Mavi Akım ilişkileri belirleyecek
Abone olRusya Dışişleri Bakan Yardımcısı Sergeyiç, yürütülen pazarlıkların kabul edilebilir noktaya gelmesini umduklarını söyledi.
Rusya Dışişleri Bakan Yardımcısı Sergey Sergeyiç Razov, Türkiye
ile Rusya arasındaki ekonomik ilişkilerin gelişmesinin en önemli
unsurunun Mavi Akım projesi olduğunu belirterek, ''Bu konuda
üzerinde anlaşabileceğimiz bir çözüm bulunacağını ümit ediyoruz''
dedi.
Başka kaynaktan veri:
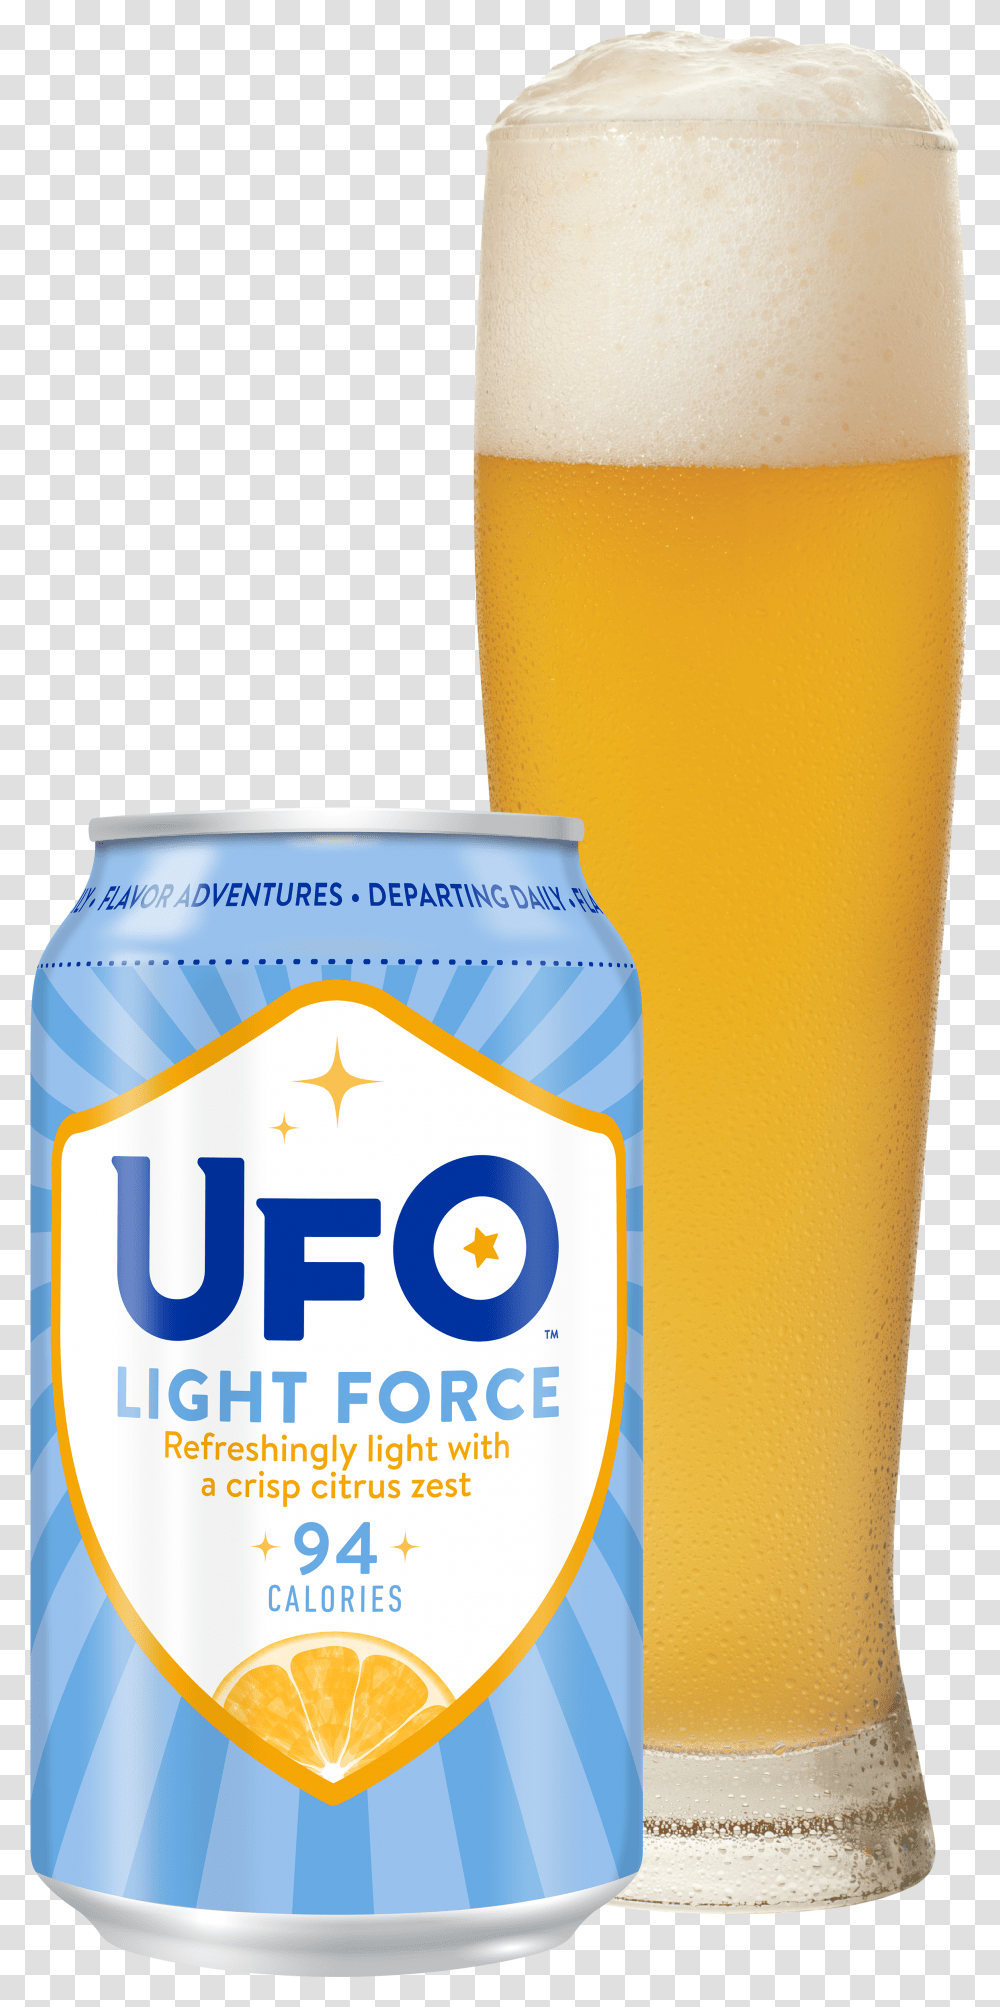 Light Force Ufo Light Force Beer Transparent Png

Razov, verdiği yazılı yanıtta, ikili ilişkilerin gelişmesinin
en önemli faktörünün Mavi Akım projesi olduğunu belirterek şunları
kaydetti: ''Moskova, aralarında fiyat ve vergi konularının da
bulunduğu ve daha önceden üzerinde anlaşmaya varılmış projenin,
uzun vadeli perspektifte iki ülkenin çıkarlarına cevap verdiğinden
emindir. Mavi Akım'ın ticari boyutu hakkındaki görüşmeler, ilgili
taraflar arasında yürütülmektedir. Karşılıklı kabul edilebilir bir
çözümün bulunmasını ümit ediyoruz. Rusya Dışişleri Bakanlığı, bu
projenin tam olarak uygulanması için üzerine düşen diplomatik
katkıyı tam anlamıyla sağlamaya devam ediyor.'' Razov, Türkiye ile
Rusya arasındaki ilişkileri değerlendirirken de şöyle dedi: ''Güney
komşumuz Türkiye ile ilişkiler, Rus dış politikasının önemli
yönlerinden biridir. Biz iki ülke arasındaki ilişkileri değişik
alanlara yayma, bunların niteliğini geliştirme ve diyalogda
yakalanan pozitif dinamiği artırma taraftarıyız. Türk tarafının da
Rusya Federasyonu ile iyi komşuluk ilişkilerini geliştirmek
istediğini görüyoruz.'' Başbakan Recep Tayyip Erdoğan'ın, geçen yıl
Aralık ayındaki ziyareti sırasında Rusya Devlet Başkanı Vladimir
Putin, Başbakan Mihail Kasyanov ve diğer Rus liderlerle görüştüğünü
hatırlatan Razov, bu görüşmeleri ''son derece önemli ve kapsamlı''
olarak değerlendirdiklerini kaydetti. Dışişleri Bakanı ve Başbakan
Yardımcısı Abdullah Gül'ün Moskova ziyareti için ''aktif bir
şekilde çalıştıklarını'' belirten Razov, ''Bu ziyaretin, Türk-Rus
ilişkilerinin daha da gelişmesini sağlayacağını, bu ilişkileri
potansiyele ve günümüz gerçeklerine yanıt veren yeni bir seviyeye
çıkaracağını umuyoruz'' dedi. Razov, iki ülke dışişleri
bakanlıkları arasında 2001 yılında imzalanan, ''Türkiye ve Rusya
Arasında Avrasya'da İşbirliğini Geliştirme Aktiviteleri Planı''
anlaşması sonucu oluşturulan ortak çalışma grubunun çok başarılı
bir şekilde çalıştığını kaydederek, şöyle devam etti: ''Çalışma
Grubu'nun 3 toplantısı, iki ülke başkentlerinde yapıldı. Bu
toplantıların üçüncüsü, Eylül ayında Moskova'da yapıldı. Bu
toplantılarda, ikili ilişkilerdeki sorunlar, bölgesel sorunlar,
terörizm tehdidine karşı mücadelede işbirliği olanakları,
milliyetçi, dini aşırılıklar, ayrılıkçılık ve organize suçlar gibi
konular, karşılıklı anlayış ve açıklık ruhuyla ele alındı.''
Türkiye ve Rusya'nın hangi alanlarda ekonomik işbirliği
yapabileceği yolundaki bir soru üzerine de Razov şunları kaydetti:
''Türkiye, şu anda Rusya'nın en büyük ekonomik ortaklarından biri.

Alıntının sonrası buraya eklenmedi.